NYC aims to be first to rein in AI hiring tools
Job candidates rarely know when hidden artificial intelligence tools are rejecting their resumes or analyzing their video interviews. But New York City residents could soon get more say over the computers making behind-the-scenes decisions about their careers.
A bill passed by the city council in early November would ban employers from using automated hiring tools unless a yearly bias audit can show they won’t discriminate based on an applicant’s race or gender. It would also force makers of those AI tools to disclose more about their opaque workings and give candidates the option of choosing an alternative process—such as a human—to review their application.
Proponents liken it to another pioneering New York City rule that became a national standard-bearer earlier this century—one that required chain restaurants to slap a calorie count on their menu items.
Instead of measuring hamburger health, though, this measure aims to open a window into the complex algorithms that rank the skills and personalities of job applicants based on how they speak or what they write. More employers, from fast food chains to Wall Street banks, are relying on such tools to speed up recruitment, hiring and workplace evaluations.
“I believe this technology is incredibly positive but it can produce a lot of harms if there isn’t more transparency,” said Frida Polli, co-founder and CEO of New York startup Pymetrics, which uses AI to assess job skills through game-like online assessments.

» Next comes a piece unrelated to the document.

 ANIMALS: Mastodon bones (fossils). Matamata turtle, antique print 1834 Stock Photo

Her company lobbied for the legislation, which favors firms like Pymetrics that already publish fairness audits.
But some AI experts and digital rights activists are concerned that it doesn’t go far enough to curb bias, and say it could set a weak standard for federal regulators and lawmakers to ponder as they examine ways to rein in harmful AI applications that exacerbate inequities in society.

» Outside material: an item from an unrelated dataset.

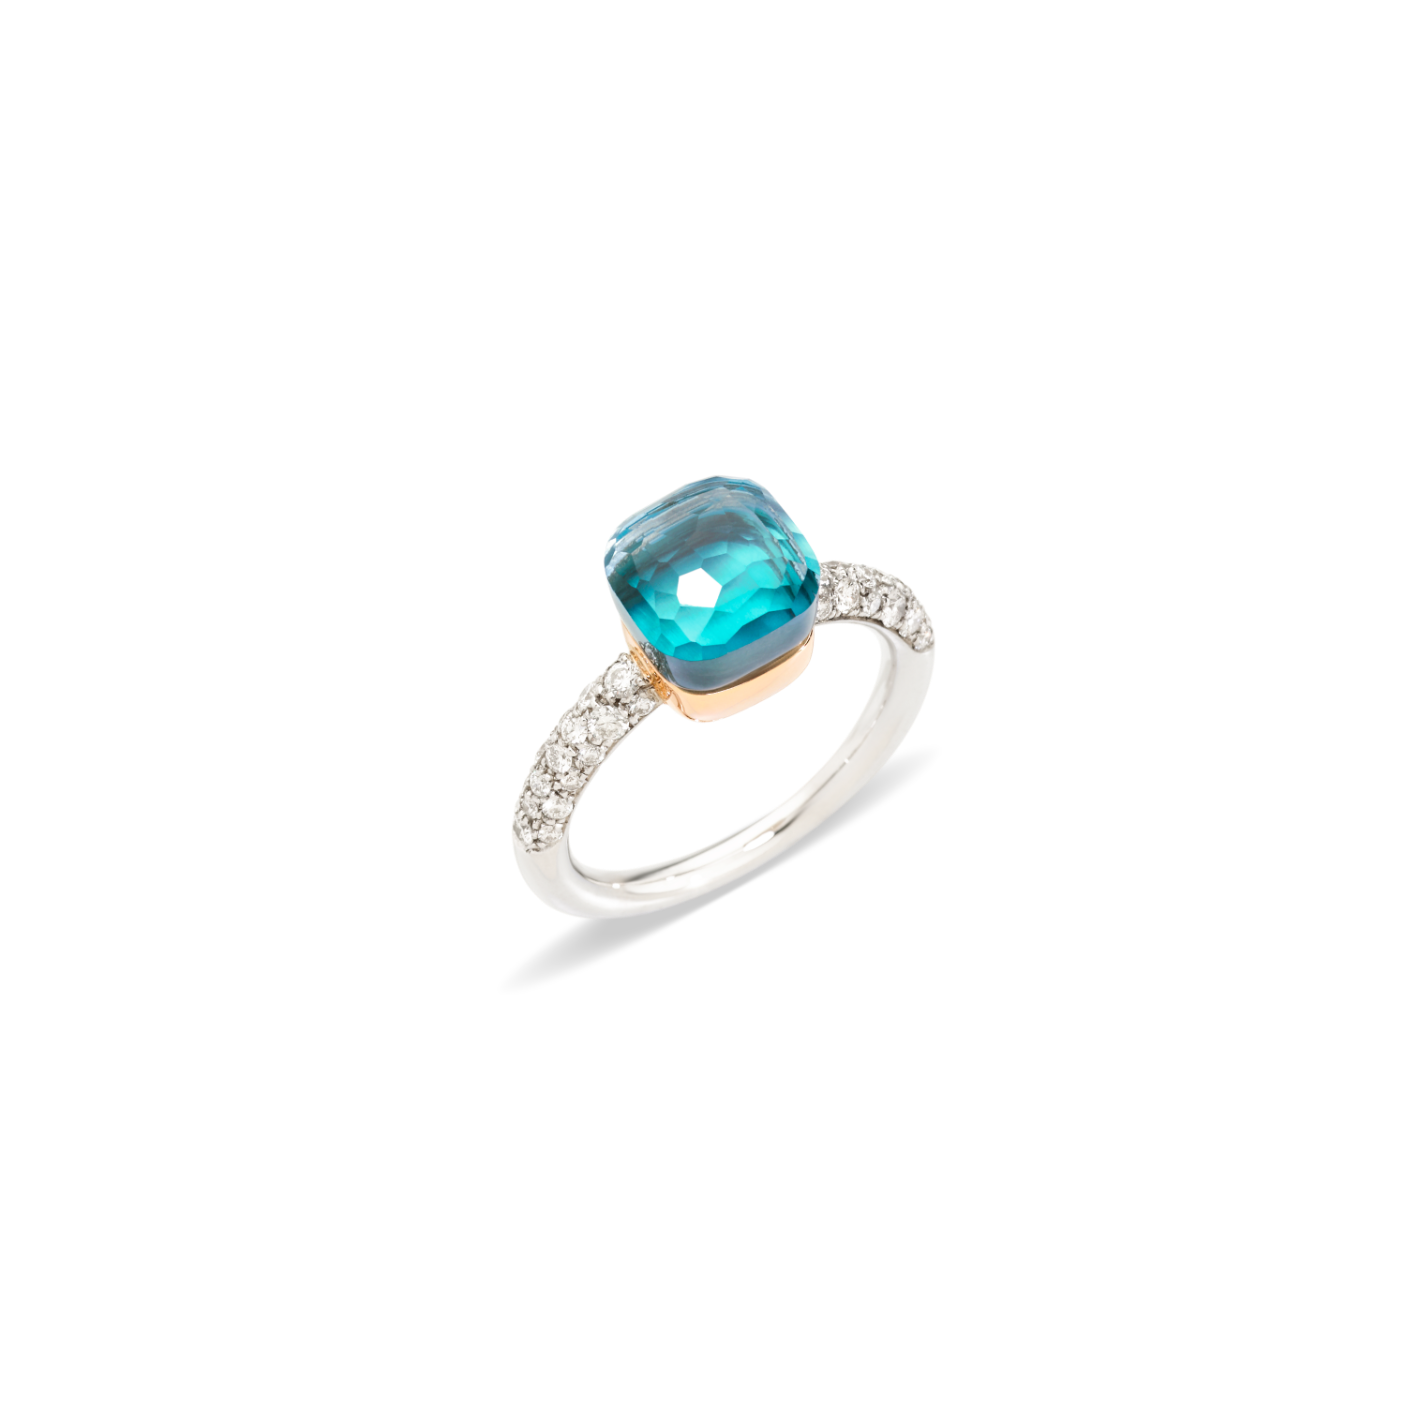 PAB7040_O6WHR_DB0OY_010_Pomellato_nudo-petit-ring-white-gold-18kt-rose-gold-18kt-blue-topaz-agate-diamond.png

“The approach of auditing for bias is a good one. The problem is New York City took a very weak and vague standard for what that looks like,” said Alexandra Givens, president of the Center for Democracy & Technology. She said the audits could end up giving AI vendors a “fig leaf” for building risky products with the city’s imprimatur.
Givens said it’s also a problem that the proposal only aims to protect against racial or gender bias, leaving out the trickier-to-detect bias against disabilities or age. She said the bill was recently watered down so that it effectively just asks employers to meet existing requirements under U.S. civil rights laws prohibiting hiring practices that have a disparate impact based on race, ethnicity or gender. The legislation would impose fines on employers or employment agencies of up to $1,500 per violation—though it will be left up to the vendors to conduct the audits and show employers that their tools meet the city’s requirements.
The City Council voted 38-4 to pass the bill on Nov. 10, giving a month for outgoing Mayor Bill De Blasio to sign or veto it or let it go into law unsigned. De Blasio’s office says he supports the bill but hasn’t said if he will sign it. If enacted, it would take effect in 2023 under the administration of Mayor-elect Eric Adams.
Julia Stoyanovich, an associate professor of computer science who directs New York University’s Center for Responsible AI, said the best parts of the proposal are its disclosure requirements to let people know they’re being evaluated by a computer and where their data is going.
“This will shine a light on the features that these tools are using,” she said.
But Stoyanovich said she was also concerned about the effectiveness of bias audits of high-risk AI tools—a concept that’s also being examined by the White House, federal agencies such as the Equal Employment Opportunity Commission and lawmakers in Congress and the European Parliament.
“The burden of these audits falls on the vendors of the tools to show that they comply with some rudimentary set of requirements that are very easy to meet,” she said.
The audits won’t likely affect in-house hiring tools used by tech giants like Amazon. The company several years ago abandoned its use of a resume-scanning tool after finding it favored men for technical roles—in part because it was comparing job candidates against the company’s own male-dominated tech workforce.
There’s been little vocal opposition to the bill from the AI hiring vendors most commonly used by employers. One of those, HireVue, a platform for video-based job interviews, said in a statement this week that it welcomed legislation that “demands that all vendors meet the high standards that HireVue has supported since the beginning.”
The Greater New York Chamber of Commerce said the city’s employers are also unlikely to see the new rules as a burden.
“It’s all about transparency and employers should know that hiring firms are using these algorithms and software, and employees should also be aware of it,” said Helana Natt, the chamber’s executive director.